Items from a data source
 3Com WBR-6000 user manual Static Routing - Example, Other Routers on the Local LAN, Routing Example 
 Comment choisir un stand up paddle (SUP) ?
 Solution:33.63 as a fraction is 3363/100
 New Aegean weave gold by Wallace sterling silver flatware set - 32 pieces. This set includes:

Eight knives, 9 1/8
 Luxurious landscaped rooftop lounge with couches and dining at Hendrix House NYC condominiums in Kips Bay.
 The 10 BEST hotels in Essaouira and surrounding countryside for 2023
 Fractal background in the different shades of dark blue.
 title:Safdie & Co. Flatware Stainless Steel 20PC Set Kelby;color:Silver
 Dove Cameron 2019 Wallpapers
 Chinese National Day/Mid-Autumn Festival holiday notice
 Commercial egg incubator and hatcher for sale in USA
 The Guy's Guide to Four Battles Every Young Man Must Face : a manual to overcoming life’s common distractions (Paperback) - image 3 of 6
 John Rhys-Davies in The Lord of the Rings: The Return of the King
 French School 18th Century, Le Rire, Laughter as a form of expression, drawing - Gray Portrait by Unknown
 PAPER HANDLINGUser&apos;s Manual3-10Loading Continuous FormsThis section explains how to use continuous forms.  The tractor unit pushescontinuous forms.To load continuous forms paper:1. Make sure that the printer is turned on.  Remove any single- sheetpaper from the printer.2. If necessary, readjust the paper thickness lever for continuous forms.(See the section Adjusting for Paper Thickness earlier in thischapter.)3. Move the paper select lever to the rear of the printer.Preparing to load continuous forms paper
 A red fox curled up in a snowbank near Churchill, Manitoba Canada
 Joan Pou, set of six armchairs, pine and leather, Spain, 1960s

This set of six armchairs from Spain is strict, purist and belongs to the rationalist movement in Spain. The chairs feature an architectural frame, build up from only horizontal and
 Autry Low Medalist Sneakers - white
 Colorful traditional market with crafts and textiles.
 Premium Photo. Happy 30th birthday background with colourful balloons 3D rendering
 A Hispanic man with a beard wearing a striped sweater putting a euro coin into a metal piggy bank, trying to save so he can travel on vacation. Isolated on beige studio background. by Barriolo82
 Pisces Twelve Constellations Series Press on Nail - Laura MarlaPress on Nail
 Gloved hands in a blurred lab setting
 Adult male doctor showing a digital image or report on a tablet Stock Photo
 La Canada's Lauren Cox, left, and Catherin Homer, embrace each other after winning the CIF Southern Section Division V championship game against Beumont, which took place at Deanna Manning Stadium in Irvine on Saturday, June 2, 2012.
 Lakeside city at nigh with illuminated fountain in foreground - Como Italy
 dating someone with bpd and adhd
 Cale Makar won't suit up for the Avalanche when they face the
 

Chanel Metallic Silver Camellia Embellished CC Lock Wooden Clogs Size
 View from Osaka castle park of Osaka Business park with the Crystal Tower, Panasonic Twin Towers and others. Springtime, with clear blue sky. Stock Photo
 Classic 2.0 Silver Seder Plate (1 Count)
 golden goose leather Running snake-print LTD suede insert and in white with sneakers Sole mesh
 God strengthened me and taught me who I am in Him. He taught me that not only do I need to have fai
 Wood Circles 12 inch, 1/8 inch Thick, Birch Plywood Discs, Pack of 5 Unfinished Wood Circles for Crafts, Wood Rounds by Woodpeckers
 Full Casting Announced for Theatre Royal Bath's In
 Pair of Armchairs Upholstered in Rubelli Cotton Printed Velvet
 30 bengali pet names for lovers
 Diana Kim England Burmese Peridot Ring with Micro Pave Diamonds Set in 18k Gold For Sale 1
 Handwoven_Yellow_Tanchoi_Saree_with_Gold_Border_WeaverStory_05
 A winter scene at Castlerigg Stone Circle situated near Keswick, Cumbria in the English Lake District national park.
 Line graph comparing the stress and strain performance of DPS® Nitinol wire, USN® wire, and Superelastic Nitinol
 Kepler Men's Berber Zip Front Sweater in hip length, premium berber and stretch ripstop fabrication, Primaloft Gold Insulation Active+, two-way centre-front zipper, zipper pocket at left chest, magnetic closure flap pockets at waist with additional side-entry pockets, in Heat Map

What to produce
What lines above mention "image"? Copy each one.

Solution for this exercise
 The Guy's Guide to Four Battles Every Young Man Must Face : a manual to overcoming life’s common distractions (Paperback) - image 3 of 6
 Adult male doctor showing a digital image or report on a tablet Stock Photo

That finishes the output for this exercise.